Через день Стратигов опять вызвал Андрея и ударил его между крылец уже двукратно. Еще через день ударил троекратно. И наконец стал бить без счету и нещадно. Но Андрей по-прежнему продолжал говорить «справедливые слова» и все больше и больше проникался состраданием к колченогому городничему, которого болезнь вынуждала прибегать к костылю.

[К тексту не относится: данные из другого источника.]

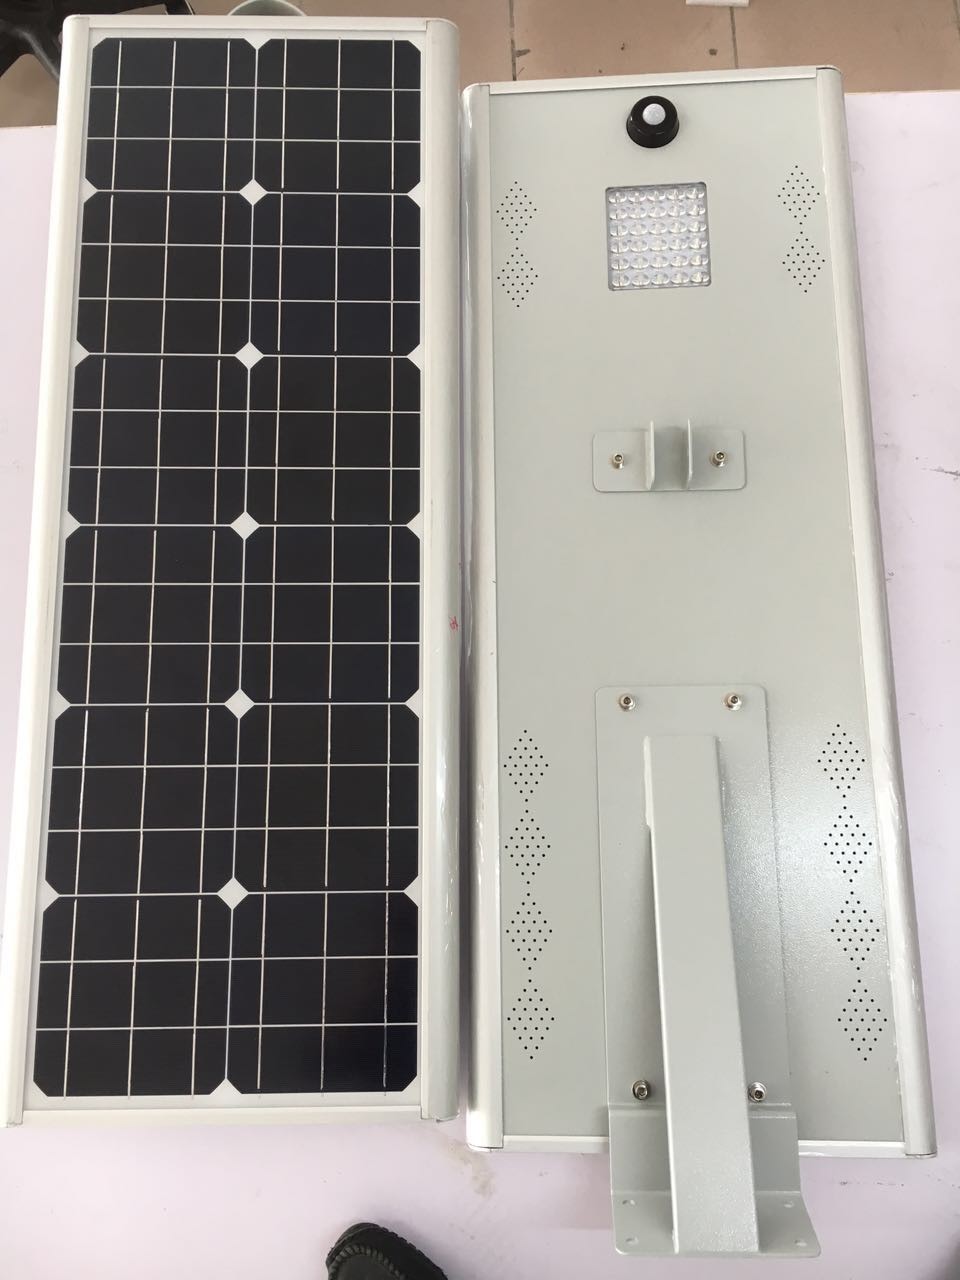 太阳能路灯厂家 太阳能路灯控制器 太阳能路灯电池 太阳能路灯组件

Даже тогда, когда в «Уединенном пошехонце» появилась статья, в которой прямо требовалось, чтобы «справедливые слова произносились только в нарочито изготовленных для сего помещениях, а отнюдь не на улицах и даже не в частных домах, где могут оные слышать личности, к уразумению их неприготовленные», — даже тогда Андрей не понял, что и костыль городнический, и журнальная передовица имеют, в предмете действия, им производимые.
Сам Стратигов изумился. «Уж дойму же я тебя, балбес! — кричал он в исступлении, — костыль об тебя измочалю, а дойму!» И как сказал, так и поступил. И все-таки не донял. Не донял потому, что никакой костыль не мог вразумить Андрея, что слова, которые в нарочито устраиваемых помещениях считаются «справедливыми», в других местах могут превратиться в опасные и «несправедливые».